The only visible changes between Complex and Complex2 are the
tests that explicitly ask for the type of the complex object z and the test
isinstance(z, Complex2).
>>> type(z) is Complex
False
>>> type(z) is Complex2
True
>>> isinstance(z, Complex2)
What motivates the introduction of a new complex number class initially is that
we forgot to implement multiplication:
>>> Complex(1.0, 0.0) * Complex(0.0, 1.0)
Traceback (most recent call last):
File "<stdin>", line 1, in <module>
TypeError: unsupported operand type(s) for *: 'Complex' and 'Complex'
Let’s fix this oversight by adding a method __mul__ to the class Complex2
class Complex2(Complex):
def __mul__(self, other):
r1, i1 = self.real, self.imag
r2, i2 = other.real, other.imag
real = r1*r2 - i1*i2
imag = r1*i2 + r2*i1
return Complex2(real, imag)
>>> Complex2(1.0, 0.0) * Complex2(0.0, 1.0)
(0.0+1.0j)
It’s better! There is actually a subtle bug (do you see which one?) but we will
wait a bit to fix it, we will soon be better placed to correct the problem.
In the meantime, we want to make our constructor a bit more versatile;
we would like to be able to construct a complex number from any object that has numeric
attributes real and imag, for example, a built-in complex number, instance of
the class complex. With the Complex class, this doesn’t work:
>>> Complex(0.5+1.5j)
Traceback (most recent call last):
File "<stdin>", line 1, in <module>
TypeError: __init__() missing 1 required positional argument: 'imag'
And not more with the Complex2 class:
>>> Complex2(0.5+1.5j)
Traceback (most recent call last):
File "<stdin>", line 1, in <module>
TypeError: __init__() missing 1 required positional argument: 'imag'
Indeed, in the absence of a constructor __init__ that is its own,
new complexes are instantiated using the inherited method __init__.

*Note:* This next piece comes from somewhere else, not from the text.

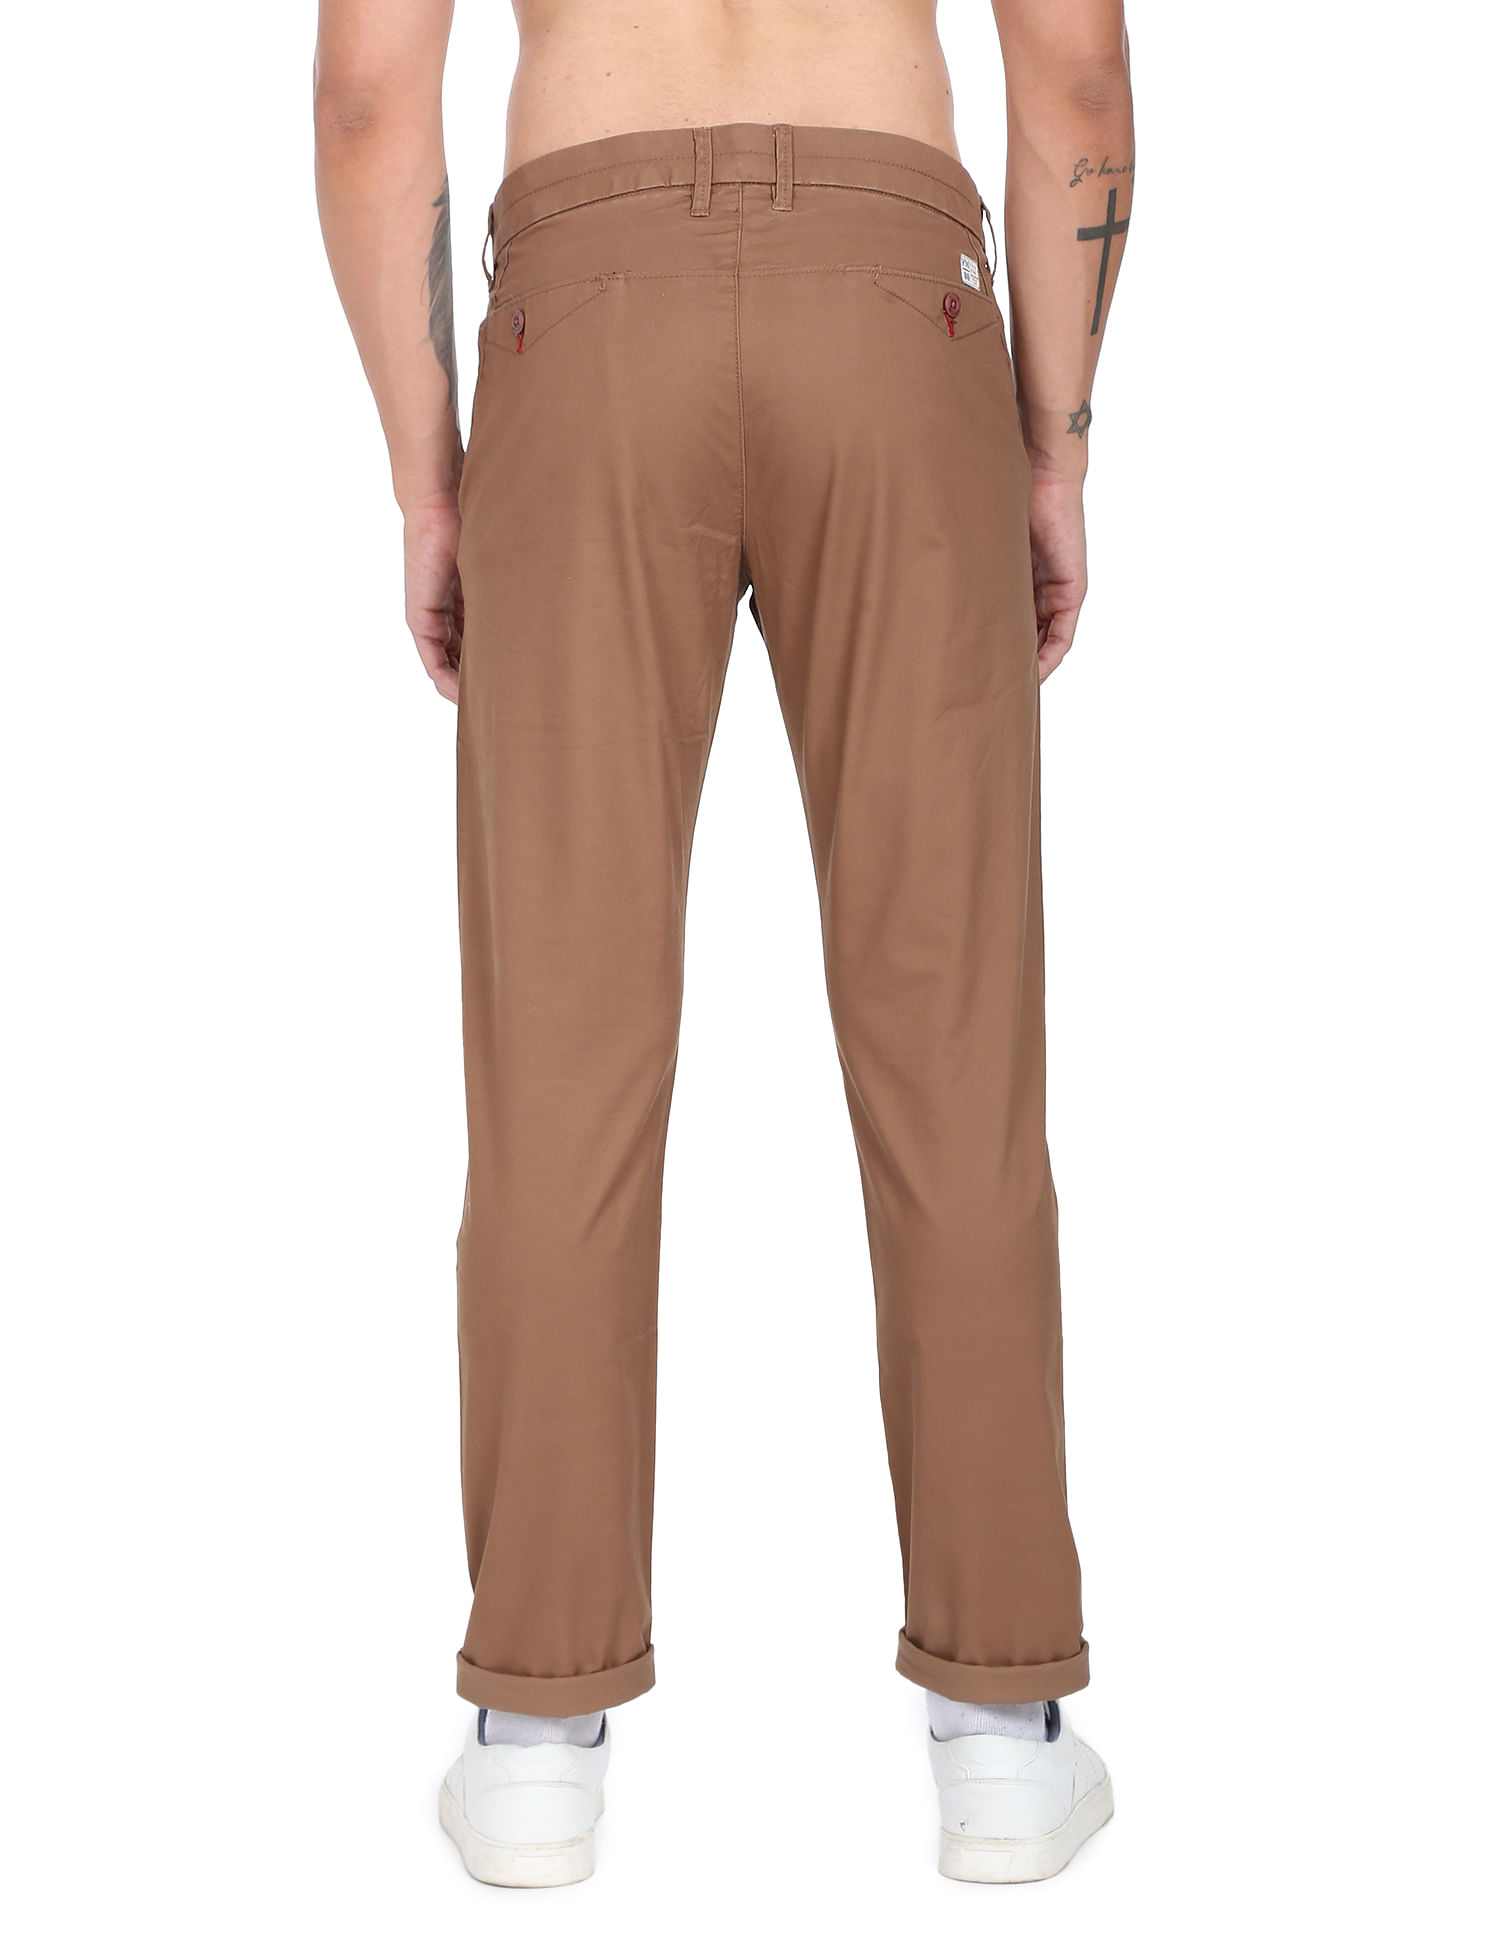 Men Khaki Pants Outfits - 36 Best Ways to Style Khakis | Khaki pants  outfit, Khaki pants men, Pants outfit men

But we can define a new constructor __init__ that will have priority. To do this, we test
if the first argument named real_or_complex has fields real and imag. If not,
we interpret it as a complex number; otherwise, we use this argument as the real
part and the second as the imaginary part.
class Complex2(Complex):
def __init__(self, real_or_complex, imag=None):
try:
real = real_or_complex.real
imag = real_or_complex.imag
except AttributeError:
real = real_or_complex
imag = imag
self.real = real
self.imag = imag
def __mul__(self, other):
r1, i1 = self.real, self.imag
r2, i2 = other.real, other.imag
real = r1*r2 - i1*i2
imag = r1*i2 + r2*i1
return Complex2(real, imag)
Note that the last two lines of the constructor are a copy-paste from the parent constructor.
We might as well directly call that one! We can either use the explicit syntax
Complex.__init__(self, real, imag) or the super() construction as
below:
class Complex2(Complex):
def __init__(self, real_or_complex, imag=None):
try:
real = real_or_complex.real
imag = real_or_complex.imag
except AttributeError:
real = real_or_complex
imag = imag
super().__init__(real, imag)
def __mul__(self, other):
r1, i1 = self.real, self.imag
r2, i2 = other.real, other.imag
real = r1*r2 - i1*i2
imag = r1*i2 + r2*i1
return Complex2(real, imag)
Now, the constructor of Complex2 accepts complex arguments:
>>> Complex2(0.5+1.5j)
(0.5+1.5j)
>>> Complex2(Complex(0.5, 1.5))
(0.5+1.5j)
It’s time to come back to the subtle bug we mentioned.
By inheriting the method __add__ from the parent class Complex,
we will unfortunately always get an instance of Complex when adding
instances of Complex2.
>>> z = Complex2(0.5, 1.5)
>>> w = z + z
>>> type(w)
<class '__main__.Complex'>
It is possible to fix this directly by reimplementing __add__ in the derived class
class Complex2(Complex):
def __init__(self, real_or_complex, imag=None):
try:
real = real_or_complex.real
imag = real_or_complex.imag
except AttributeError:
real = real_or_complex
imag = imag
super().__init__(real, imag)
def __add__(self, other):
return Complex2(
self.real + other.real,
self.imag + other.imag
)
def __mul__(self, other):
r1, i1 = self.real, self.imag
r2, i2 = other.real, other.imag
real = r1*r2 - i1*i2
imag = r1*i2 + r2*i1
return Complex2(real, imag)
It works, but it means losing the benefit of what has already been implemented.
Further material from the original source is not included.